Nothing about pregnancy after loss is normal. It is not normal to hold your breath every ultrasound, every heartbeat check, to spend most of the pregnancy waiting for the other shoe to drop, to be triggered at points of a pregnancy where you lost, to worry if anything in your world seems to close to what it was when you lost or even when you were pregnant before your loss. In a time when the world is excited and thrilled and assumes you are 100% of the time in complete bliss, it is so very isolating to be in a world where you balance being excited and thrilled while also being terrified and uncertain. So what happens during pregnancy after loss when the world as a whole becomes terrifying and uncertain?
The effects of the Coronavirus on our pregnancy first presented themselves a couple of weeks ago.
In surrogacy pregnancies, usually the surrogate and her partner, as well as the intended parents, schedule a tour of the hospital to coincide with the 20-week ultrasound, figuring everyone is probably going to attend the ultrasound so to reduce more travel and coordination, let’s just do it all together. Mark and I lucked out with G being close enough that we were not getting on a plane or having a long drive to coordinate. So, from the very beginning, I asked that the tour be more towards 25 to 30 weeks. I knew that 20 weeks was the beginning of the end in our pregnancy, that we had had a tough ultrasound experience and then felt like we blinked and I was in the hospital. And, so I knew that the ultrasound would be draining enough on its own, why add in a tour as well.

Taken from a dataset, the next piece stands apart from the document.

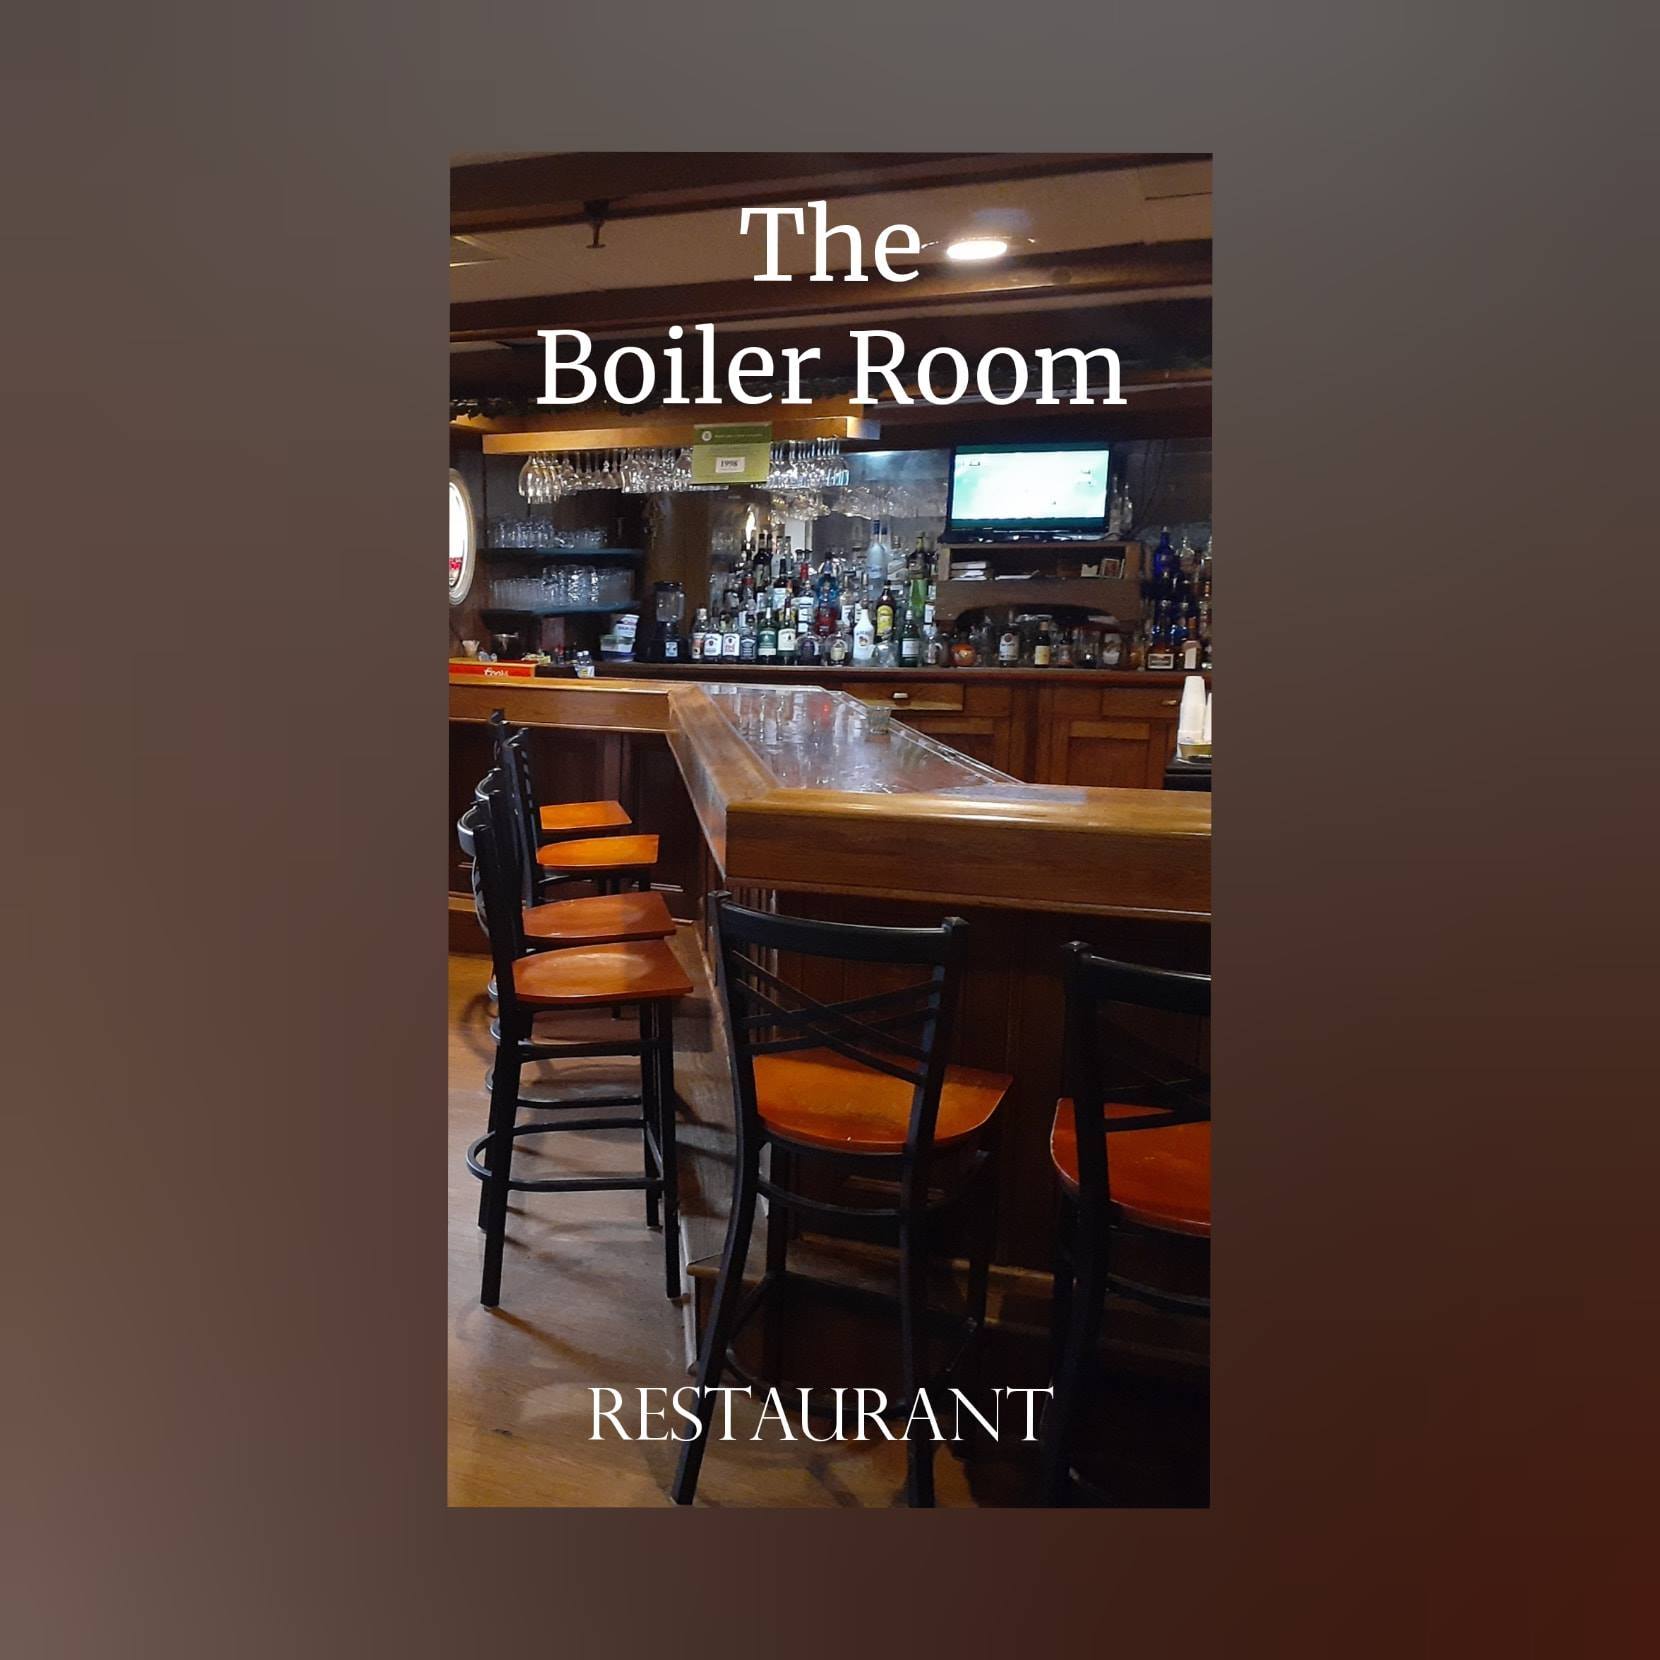 The Boiler Room Restaurant

As we got close, we coordinated amongst G and ourselves and came up with some dates and times and then reached out to our surrogacy agency coordinator to schedule. The news came back that the hospital was restricting visitors because of COVID-19 and so the tour we had been expecting to have would not happen that way. Since Mark and I had already done a tour on our own, even before G was pregnant, the recommendation was that they would coordinate with G only and arrange to have her do a tour in a manner that was permissible to the hospital administration. It was totally understandable and the change was not earth-shattering, but it was just one more reminder that the experiences we had dreamed of having kept being taken away from us.
As the shutdown and quarantine have continued, we have had to face some harsh realities.

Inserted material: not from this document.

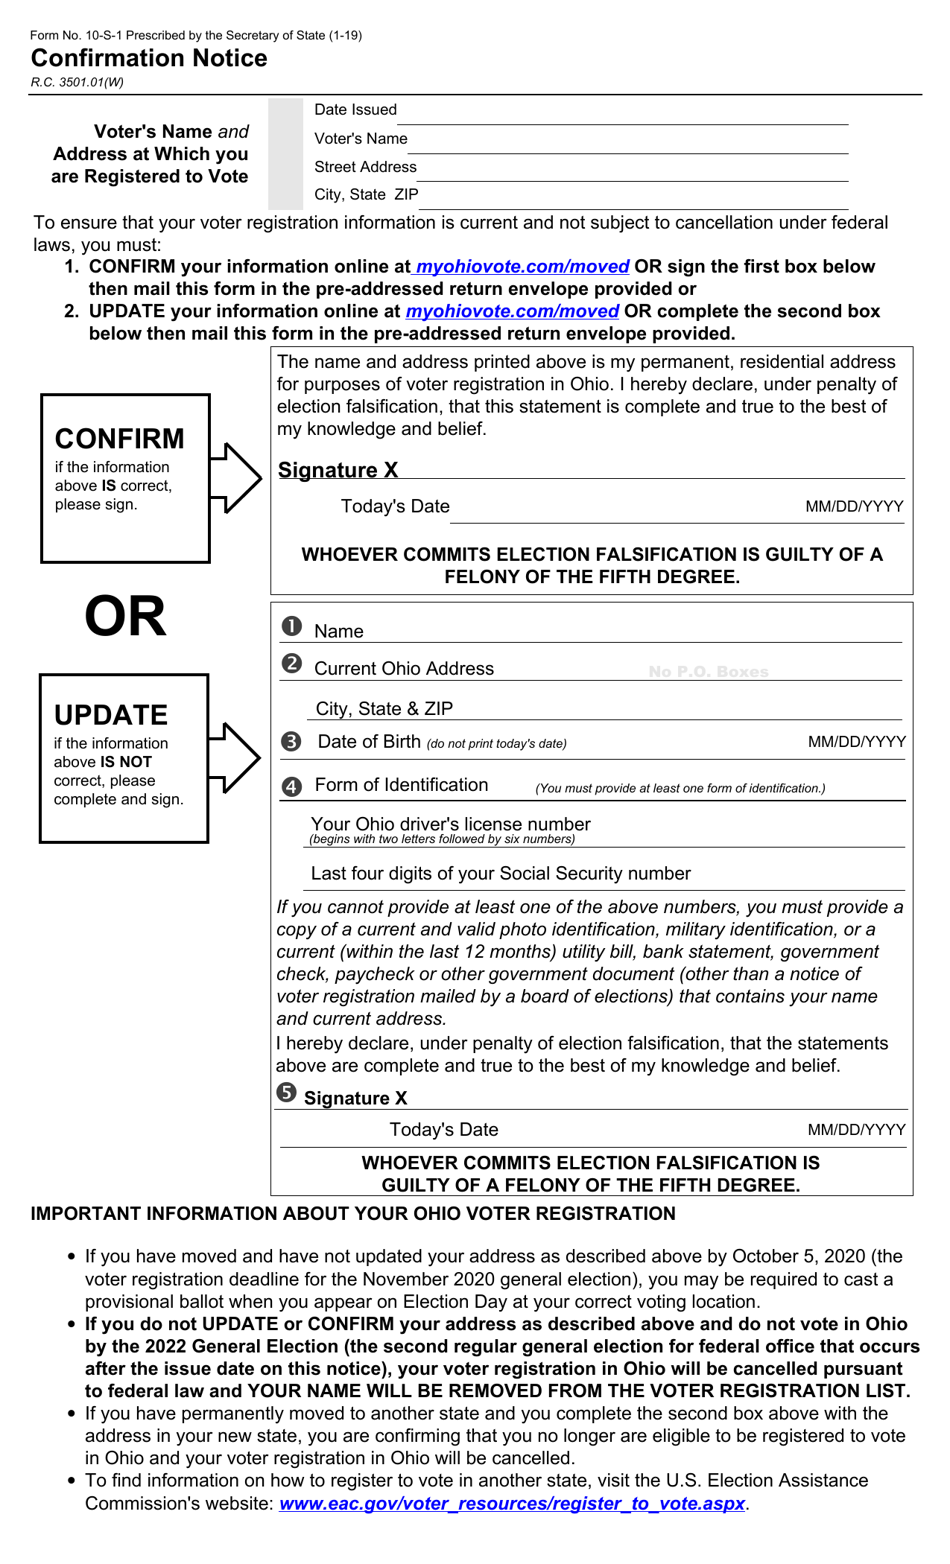 Form 10-S-1 Confirmation Notice - Ohio, Page 1

Some hospitals are severely limiting visitors to the point where pregnant women are only allowed to have one person with them. While I know that I will not have a problem knocking Mark and G’s partner out of the way to be in the room with G, I also know that I want Mark with me and I want G to have her partner if she so chooses. Even the anticipation and worry over that or preparing for the fight is draining. Another feasibly easy experience of being there when your child is born has stumbling blocks.
Then, we got an email from our attorney recently talking to us about thinking about a plan of who and how they would hand over our baby to us if exposure or symptoms of Covid-19 prevented us from entering the hospital. Obviously, there is a lot of over-worrying and over-preparing, but just the mere thought of a world in which we would not be there in the delivery room is exhausting. Again, take away experiences from us.

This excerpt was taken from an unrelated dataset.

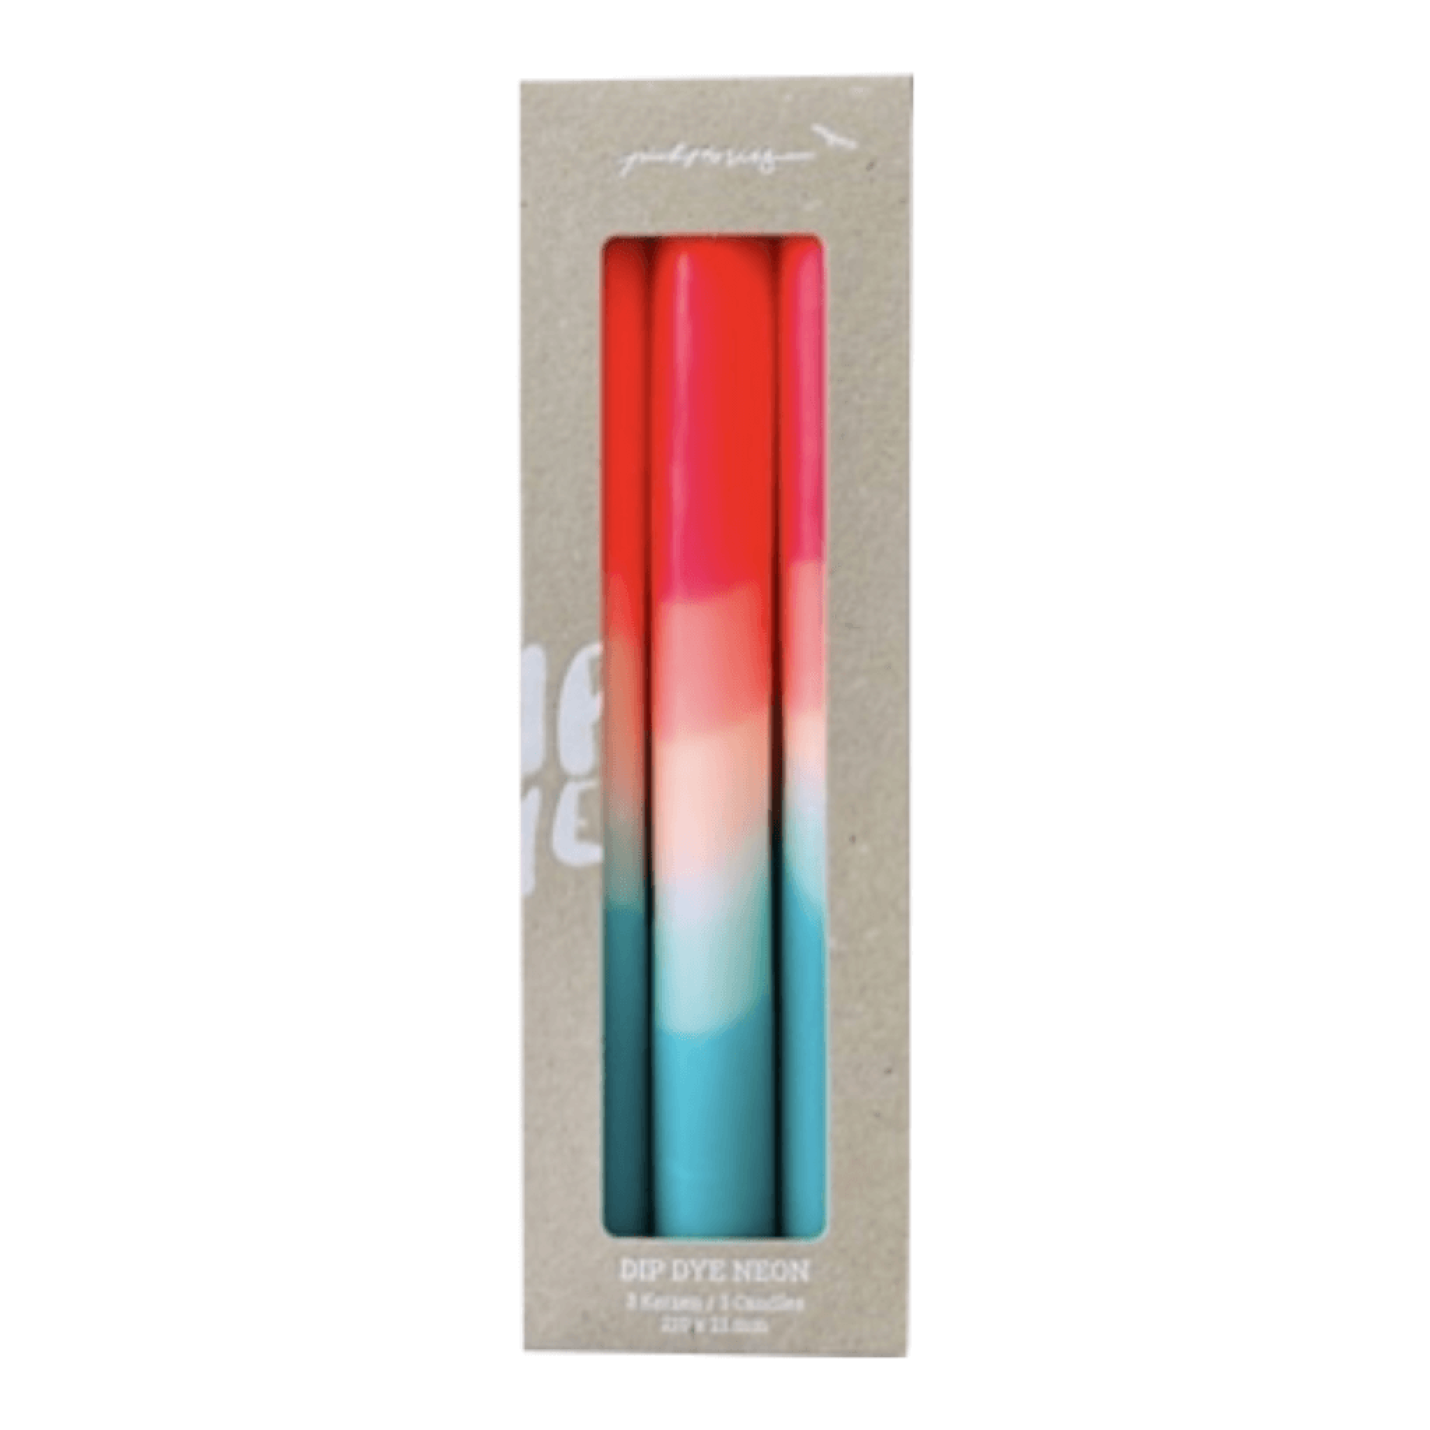 Dip Dye Neon Watermelon Coast kaarsen per 3 verpakt; Afbeelding: 2

As the quarantine drags on with no end in sight, all of the experiences we thought about having and enjoying fall off.
While I was not 100% sure if I wanted a baby shower or celebration before the birth, I can assure you that I wanted it to be my choice, not the choice of some global health crisis. We did not get to have a baby shower with Colette and now we will not be able to with LL Cool T either. And when I was already leaning heavily to no sip and see after the baby was born over fear of exposure to germs, you can bet that this pandemic and the resulting implication that people maybe were not washing their hands so well prior to this has pushed me completely over to the “stay away from my baby” camp.
Even the concept of decorating the nursery, something that we had not figured out when we wanted to do, seems completely different. As of right now, I do not want to go into a store that has germs I am not aware of and pick out items for LL Cool T’s nursery. Do I online shop then? Shopping for a nursery without being able to touch anything or to just see things in a picture seems difficult to say the least. Plus, the sense of excitement of going to a store together, of feeling that sense of community around you is gone.
Nothing about this pregnancy is normal and what we have unexpectedly gotten “good” at is shifting and readjusting, so I guess this new global challenge is calling on those skills yet again. I just long for some normalcy.